You can't optimize what you don't measure

Turns out that forecasting is no exception. Measuring forecast accuracy is one of the few cornerstones of any forecasting technology.

A frequent misconception about accuracy measurement is that Lokad has to wait for the forecasts to become past, to finally compare the forecasts with what really happened.

Although, this approach works to some extend, it comes with severe drawbacks:

  • It's painfully slow: a 6 months ahead forecast takes 6 months to be validated.
  • It's very sensitive to overfittingOverfitting should not to be taken lightly, and it's one the few thing that is very likely to wreak havoc in your accuracy measurements.

Measuring the accuracy of delivered forecasts is a tough piece of work for us. Accuracy measurement accounts for roughly half of the complexity of our forecasting technology: the more advance the forecasting technology, the greater the need for robust accuracy measurements.

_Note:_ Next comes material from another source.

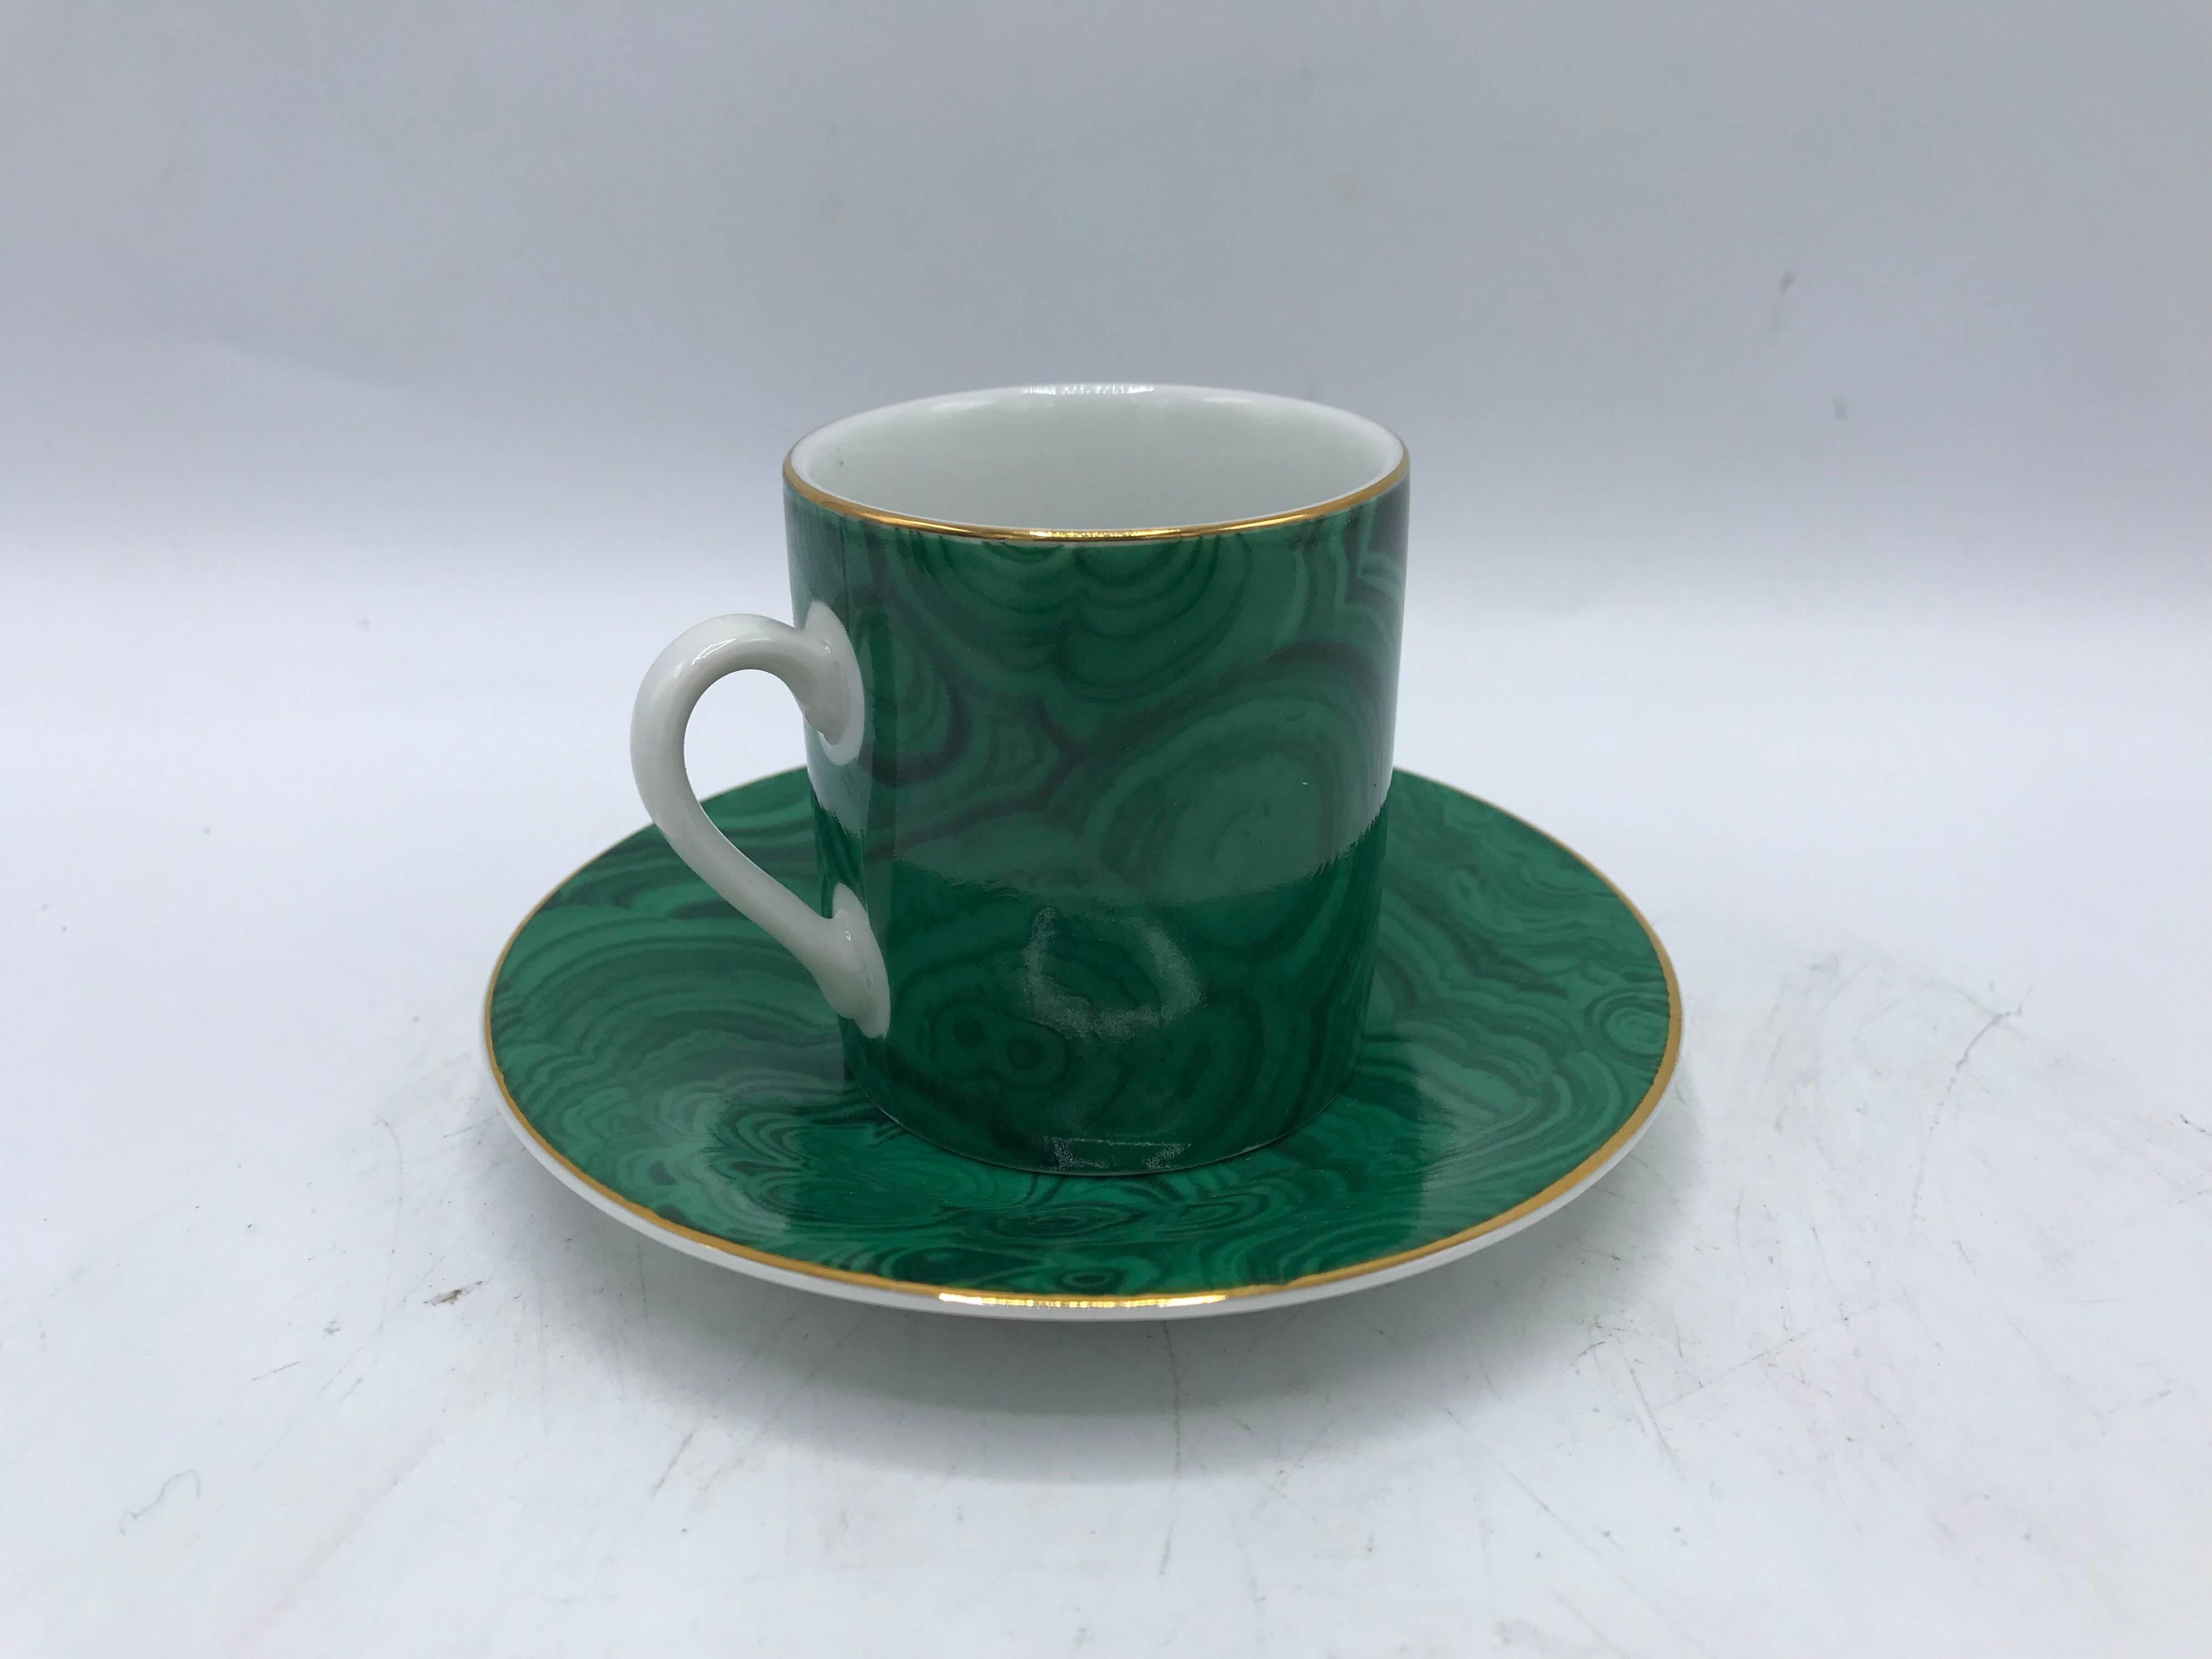 20th Century 1980s Neiman Marcus Malachite Porcelain Teacups and Saucers, Set of Eight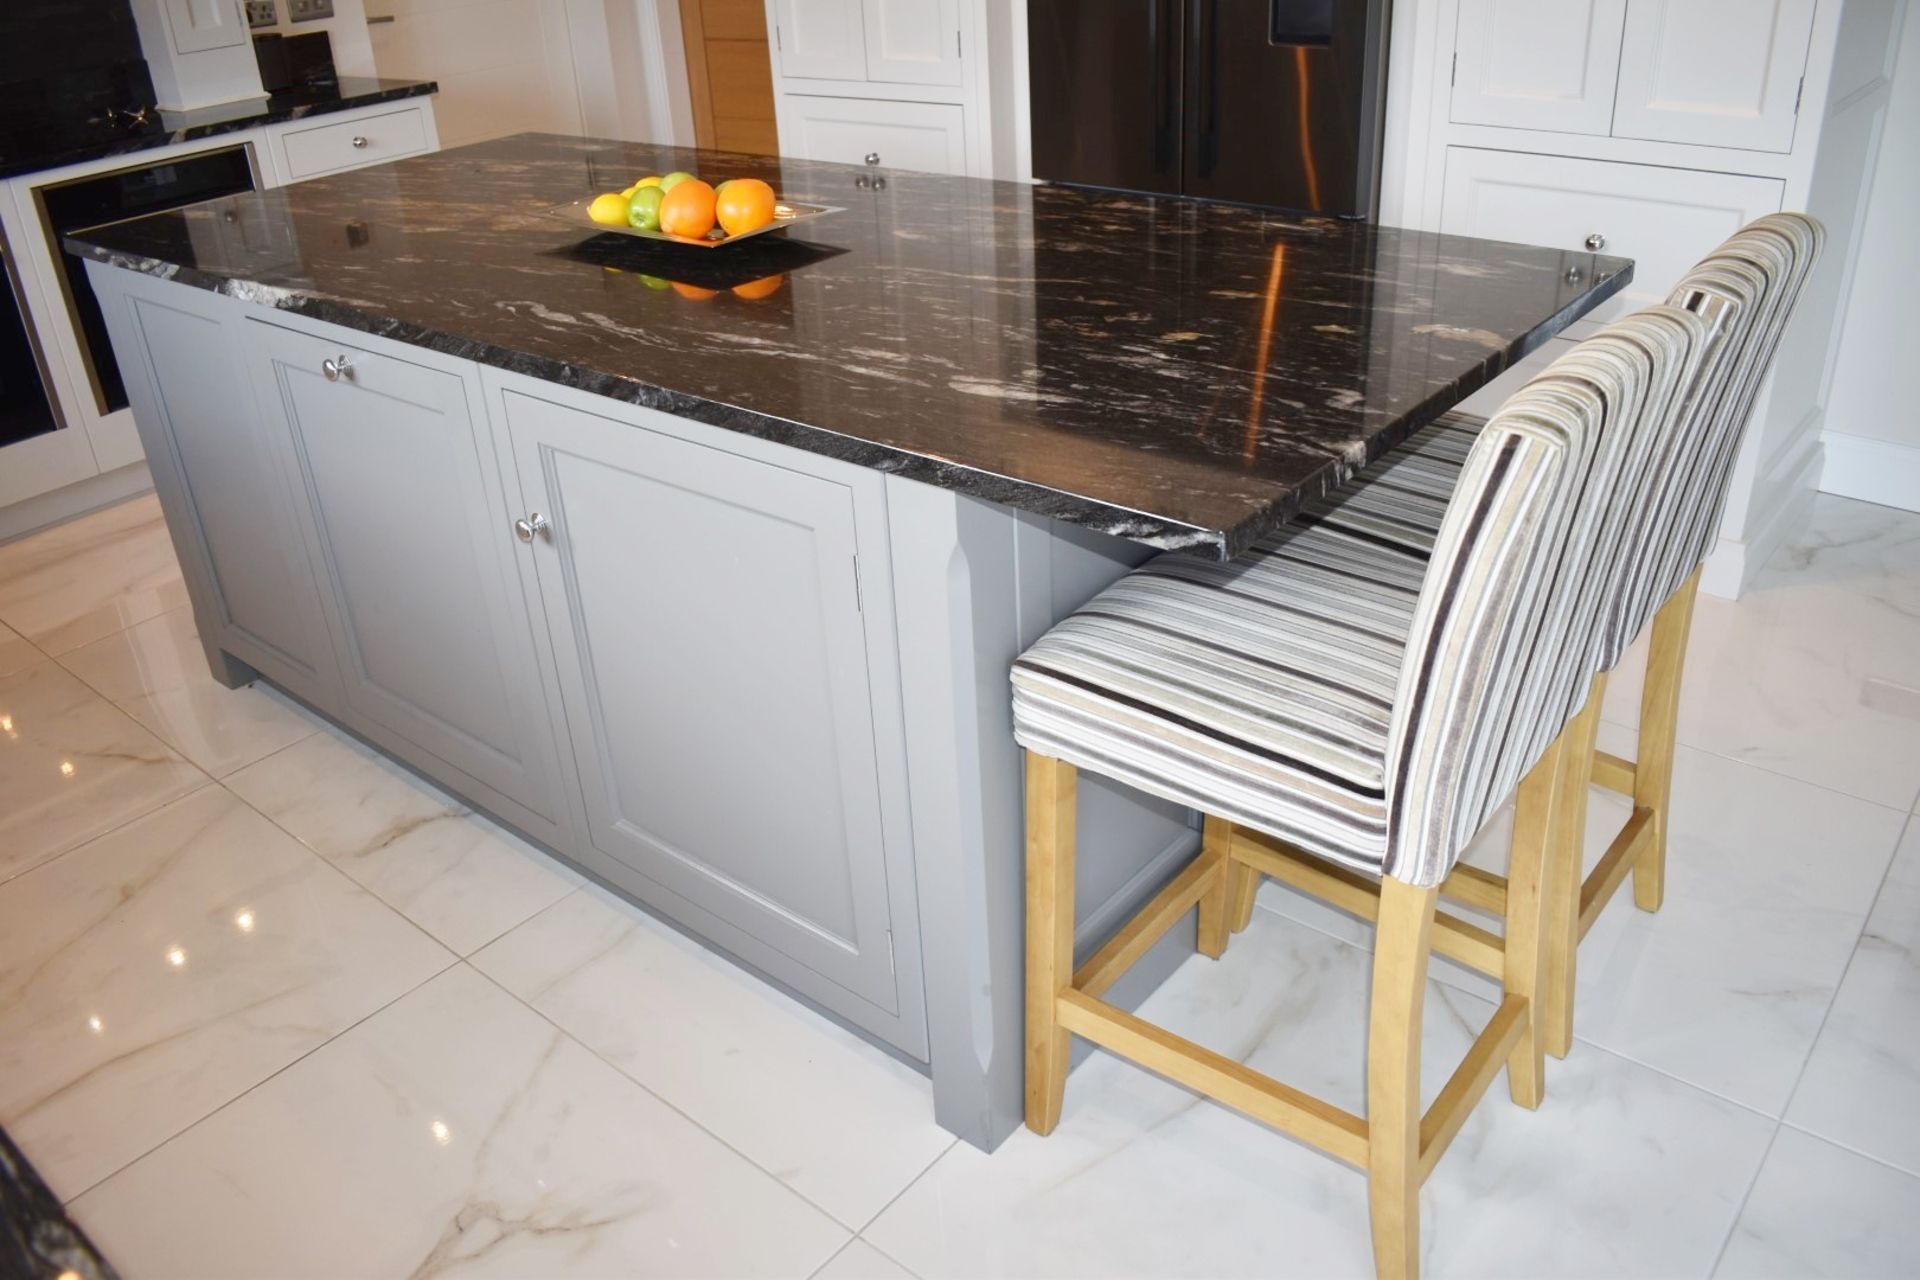 1 x Bespoke Handmade Framed Fitted Kitchen By Matthew Marsden Furniture - Features Hand Painted - Image 35 of 97

In particular, Lokad returns the forecast accuracy associated to every single forecast that we deliver (for example, our Excel-addin reports forecast accuracy). The metric used for accuracy measurement is the MAPE (Mean Absolute Percentage Error).

In order to compute an estimated accuracy, Lokad proceeds (roughly) through cross-validation tuned for time-series forecasts. Cross-validation is simpler than it sounds. If we consider a weekly forecast 10 weeks ahead with 3 years (aka 150 weeks) of history, then the cross-validation looks like:

  1. Take the 1st week, forecast 10 weeks ahead, and compare results to original.
  2. Take the 2 first weeks, forecast 10 weeks ahead, and compare.
  3. Take the 3 first weeks, forecast 10 weeks ahead, and compare.
  4. ...

The process is rather tedious, as we end-up recomputing forecasts about 150 times for only 3 years of history. Obviously, cross-validation screams for automation, and there is little hope to go through such a process without computer support. Yet, computers typically cost less than business forecast errors, and Lokad relies on cloud computing to deliver such high-intensive computations.

Attempts to "simplify" the process outlined are very likely to end-up with overfitting problems. We suggest to say very careful, as overfitting isn't a problem to be taken lightly. In doubts, stick to a complete cross-validation.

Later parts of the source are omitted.